Return every line of the data that contains the string "Maasai".

============================================================

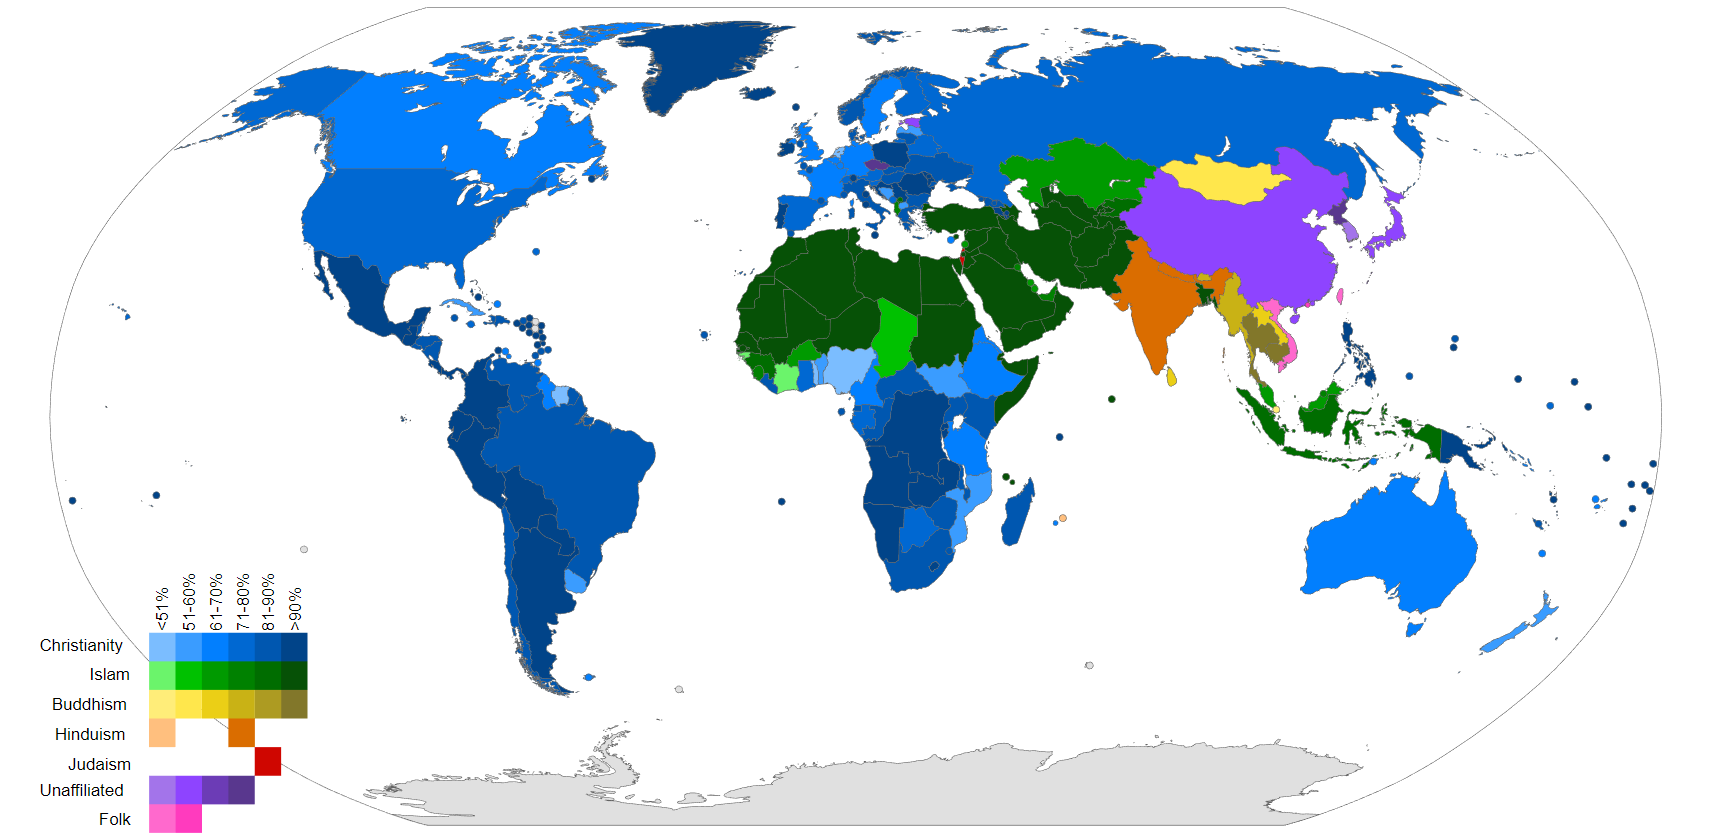 This map shows the religion or lack-thereof practiced by the majority of persons in each country according to the Pew Research Center's 2010 study The Future of World Religions: Population Growth Projections, 2010-2050.
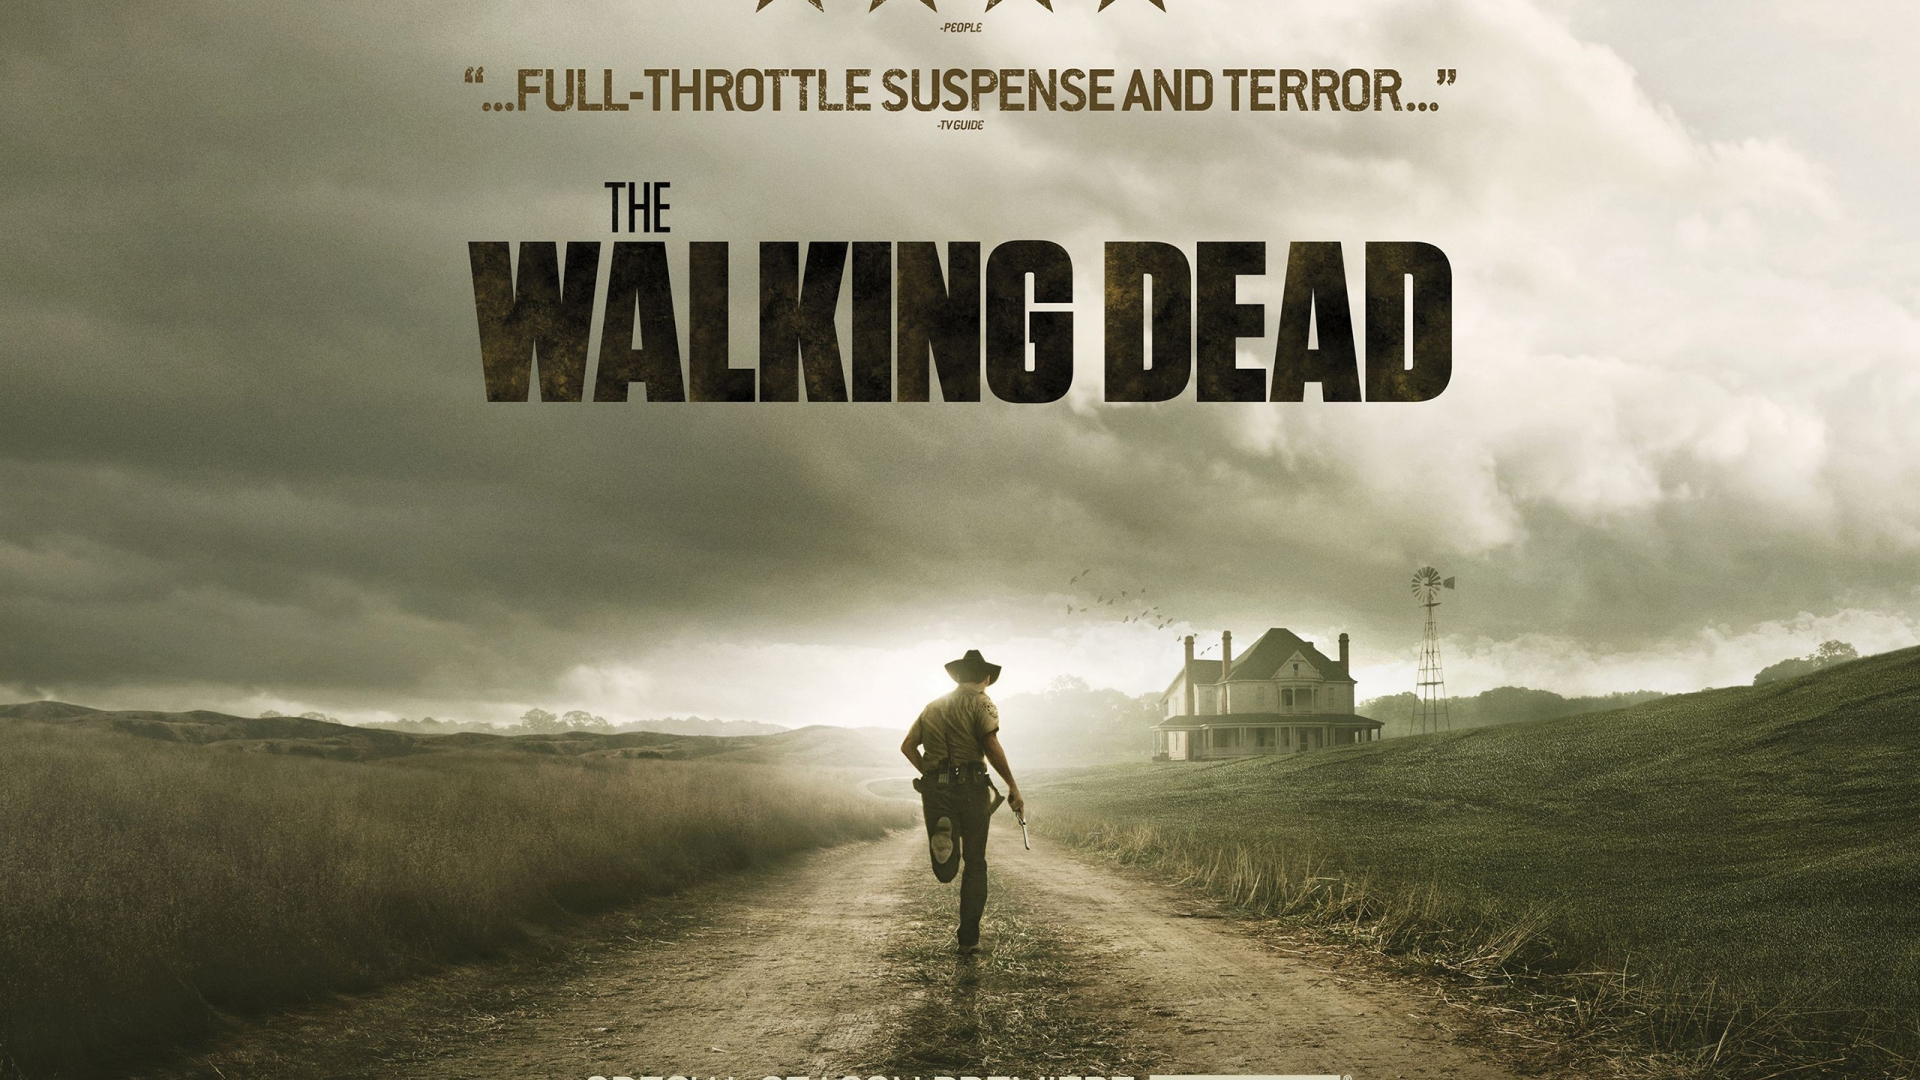 The Walking Dead Tv SHow for 1920 x 1080 HDTV 1080p resolution
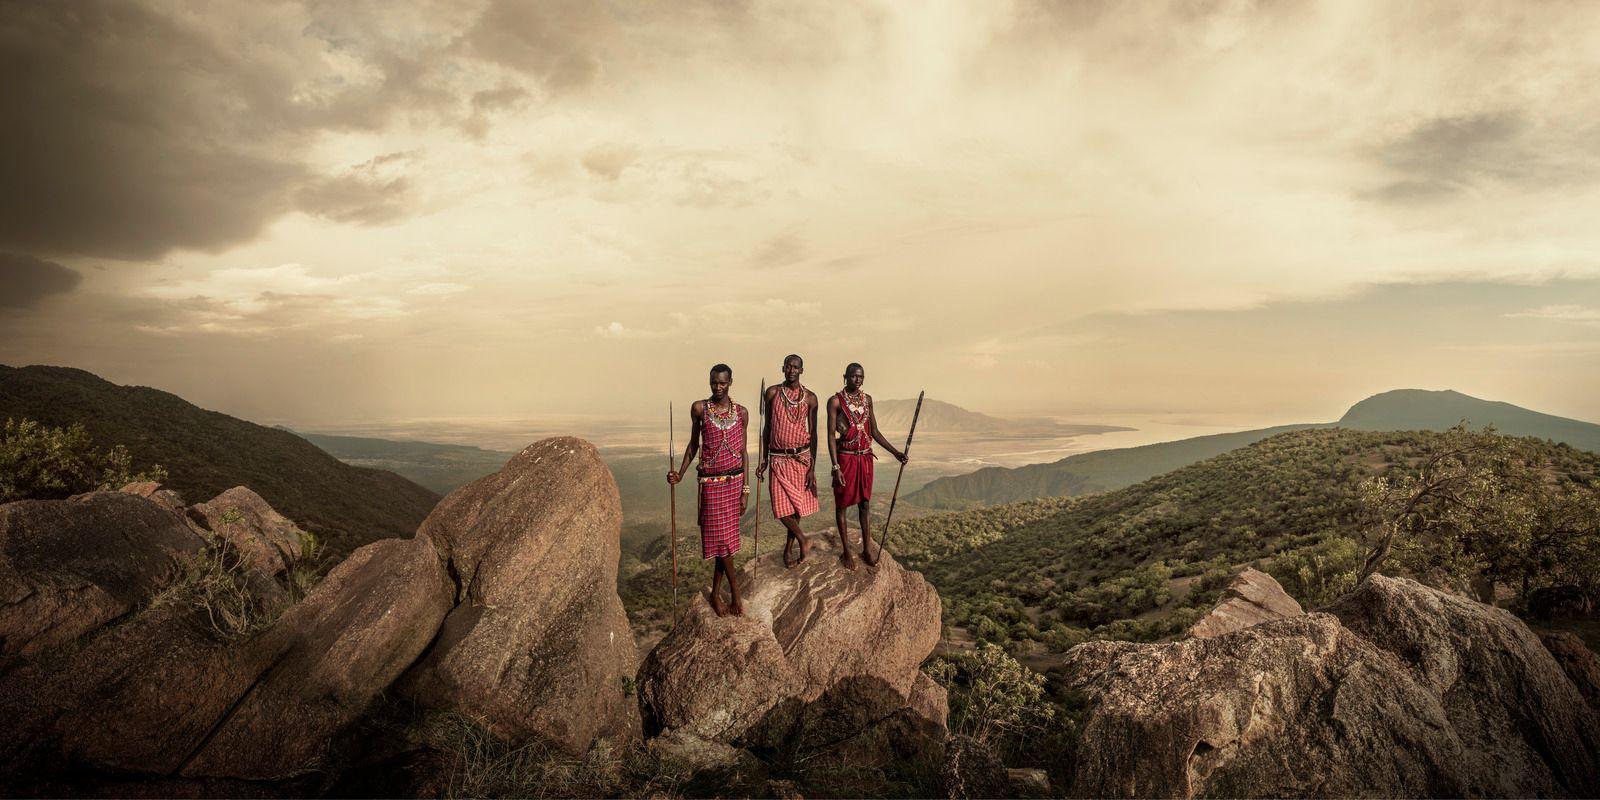 All available sizes & editions for each size of this photograph:
24.41" X 43.31" Edition of 9
39.37" X 70.87" Edition of 6
55.12" X 102.36" Edition of 3

Maasai, Nguruman Escarpment, Kenya, December 2017

When the Maasai migrated from the Sudan in
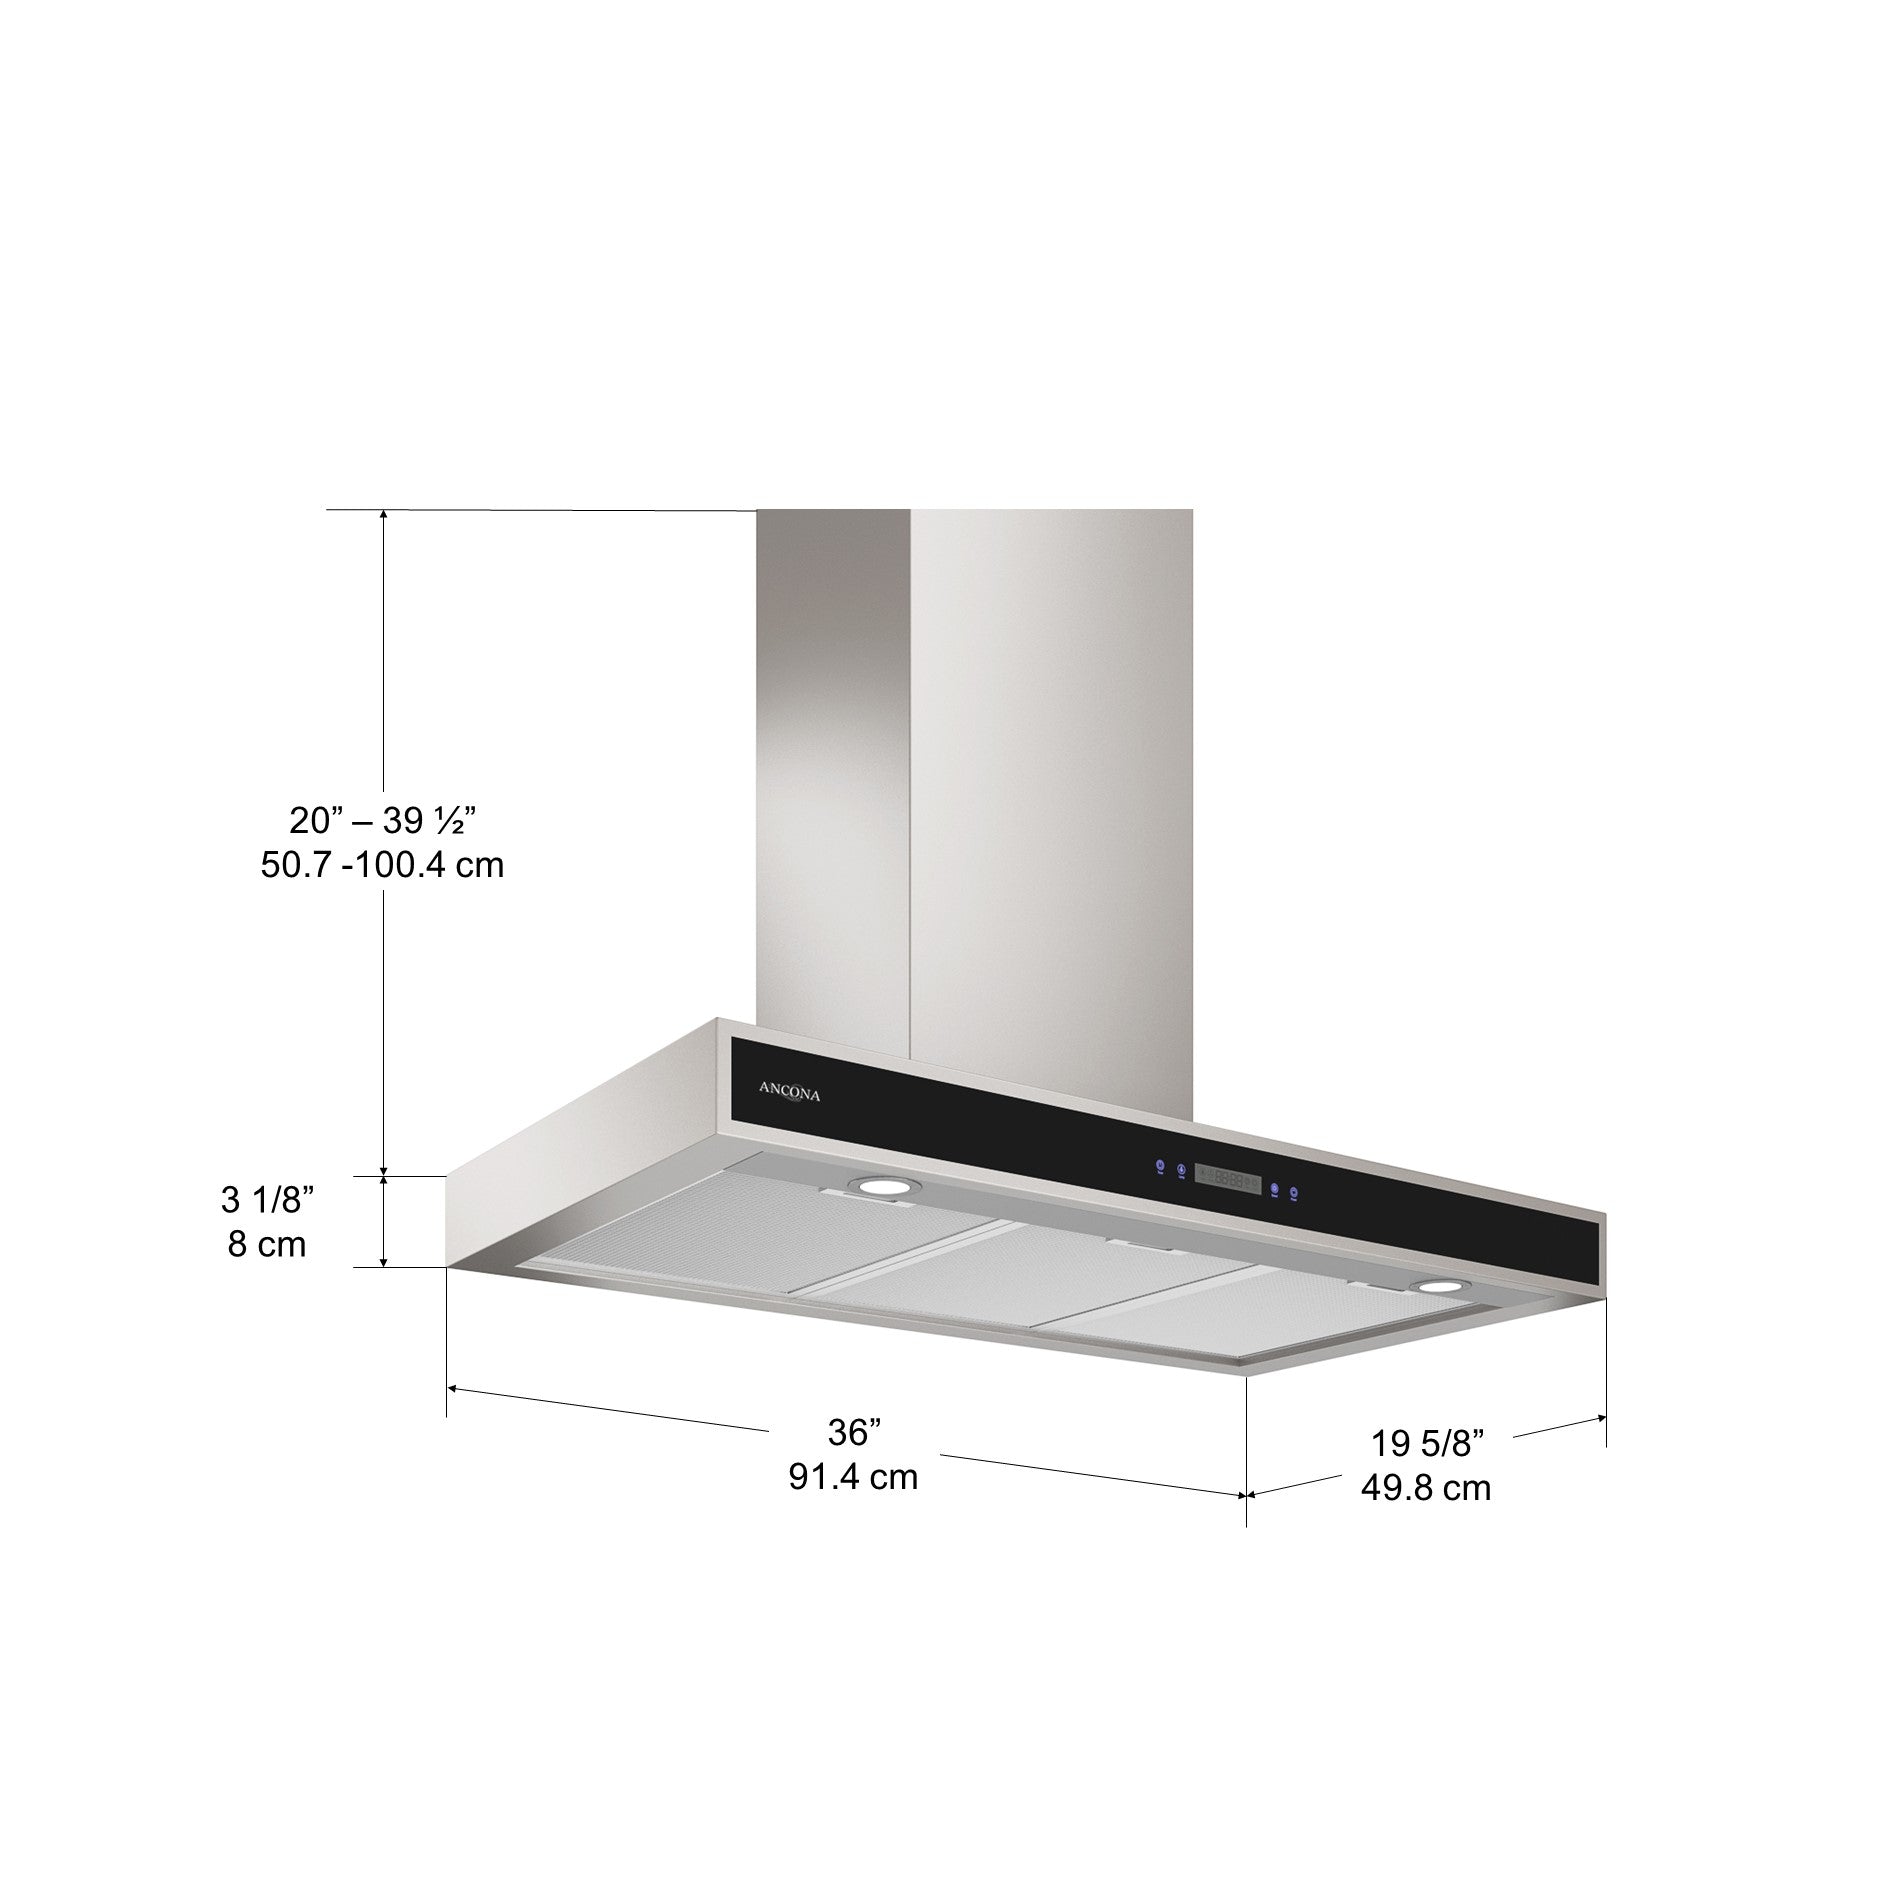 WRP436 36 in. Convertible Wall Mounted Range Hood with LED Lights in Stainless Steel

============================================================

→ **Output for this task**
Maasai, Nguruman Escarpment, Kenya, December 2017
When the Maasai migrated from the Sudan in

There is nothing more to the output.